L’opera di riorganizzazione dell’Amministrazione finanziaria concretizzata dal legislatore delegato con il decreto legislativo n. 300/1999 che dal 01 gennaio 2001 ha conferito piena operatività alle Agenzie delle Entrare, delle Dogane, del Demanio e del Territorio 8quest’ultima ora incorporata nell’Agenzia delle Entrate), con ciò individuando, quanto all’Agenzia delle Entrate uno strumento operativo ma distinto dall’Amministrazione dello Stato ai fini del perseguimento delle proprie finalità, ed anzi “collegato” all’Amministrazione finanziaria mediante una convenzione pluriennale. Questo nuovo modello organizzativo riverbera pertanto i propri effetti rispetto a TRE distinte problematiche.

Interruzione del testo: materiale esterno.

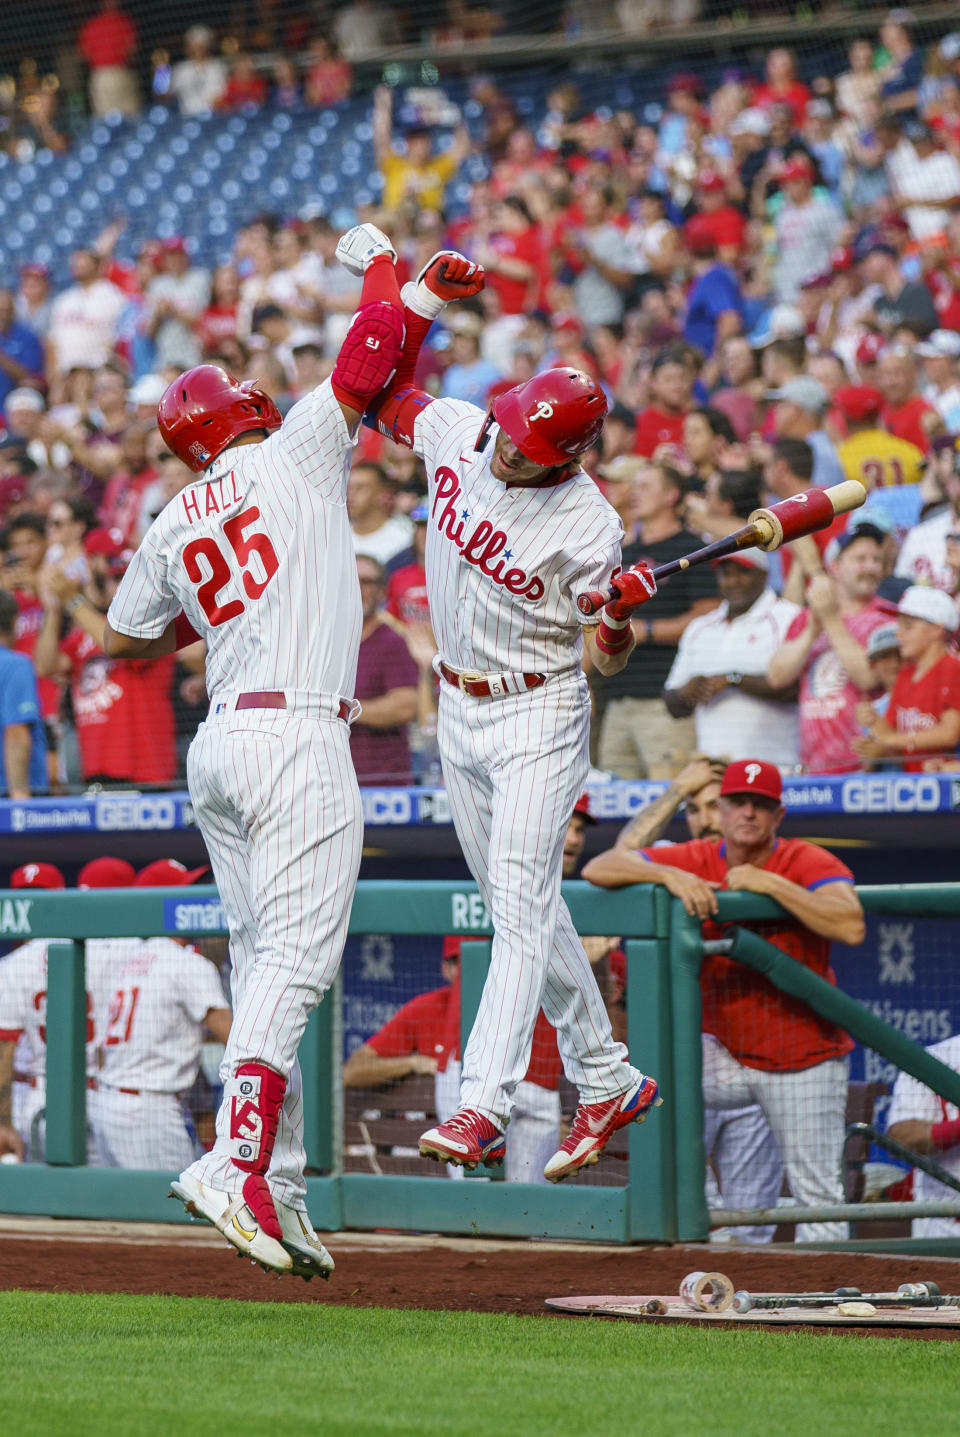 Philadelphia Phillies' Darick Hall, left, celebrates his home run against the Washington Nationals with Bryson Stott during the first inning of a baseball game Friday, Aug. 5, 2022, in Philadelphia. (AP Photo/Chris Szagola)

La prima: se si applichi o meno alle cause in cui sia parte l’Agenzia delle Entrare la regola del c.d. “foro erariale” ai fini dell’individuazione del giudice territorialmente competente; la seconda: se l’Agenzia delle Entrate possa essere patrocinata in giudizio dall’Avvocatura dello Stato; la terza: se l’Agenzia delle Entrate abbia o meno, attraverso i propri organi periferici, la capacità di stare in giudizio. Nella disamina della prima problematica occorre preliminarmente osservare come in termini generali, il giudice territorialmente competente ai fini del radicamento di una controversia nella quale sia parte un’Amministrazione dello Stato sia individuato dall’art. 25 del Codice di Procedura Civile che designa, a norma delle leggi speciali e sulla rappresentanza dello Stato in giudizio, il giudice del luogo dove ha sede l’ufficio dell’Avvocatura dello Stato , nel cui distretto si trova il giudice che sarebbe competente secondo le norme ordinarie; qualora l’Amministrazione dello Stato sia convenuta, il distretto si determina con riguardo al giudice del luogo in cui è sorta o deve eseguirsi l’obbligazione o in cui si trova la cosa mobile od immobile oggetto della domanda.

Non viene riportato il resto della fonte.